Ее светлость леди Роксана, герцогиня фон Сонненхайм
Обрывки воспоминаний
...но на всякий случай спросила: «Государь, это был Тристан?».
Ничего король не ответил - и не стоило отвечать.
(Kell, из невошедшего в «Поэму о Море»)
Эпиграф, которого нет
Суббота, вторая половина дня
Мне понадобилось много времени, чтобы хоть сколько-нибудь прийти в себя от последнего разговора. Я решительно не ожидала того, как и чем он обернулся, и мне казалось, что из всех чувств, что он оставил в моей душе, яснее всего на лице отражаются растерянность и смятение. Невыносимо было видеть маленький грязный дворик, покосившиеся остатки забора, облезшую краску на оконных рамах и двери, просевшие ступени крыльца.

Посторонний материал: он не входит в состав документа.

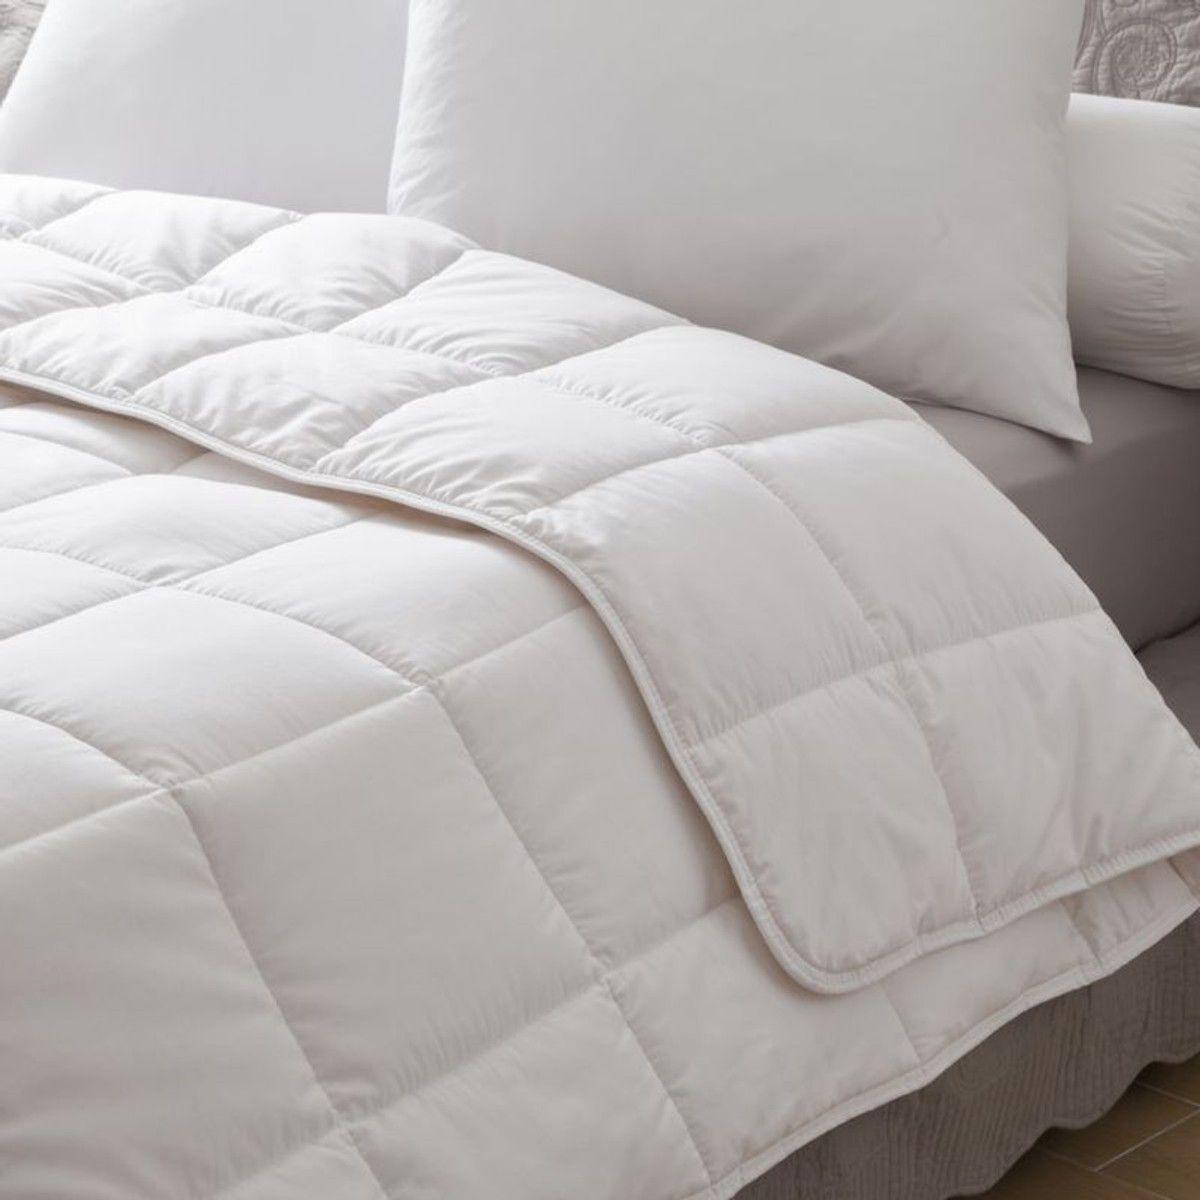 Couette Wash Cotton - Taille : 220x240 cm;

Я закрыла глаза, и перед внутренним взором встали величественные стены замка Сонненхайм, всхолмья, поросшие редкими деревьями, выгоны и пашни, дубравы Рейнвальдского леса, крепости и владения баронов, турниры и собрания, приемы и кортежи, охоты и визиты, и многое другое. Стало еще хуже, ибо ни в одной из этих картин, столь живых в памяти, не находилось места лишь одному - но для меня совершенно...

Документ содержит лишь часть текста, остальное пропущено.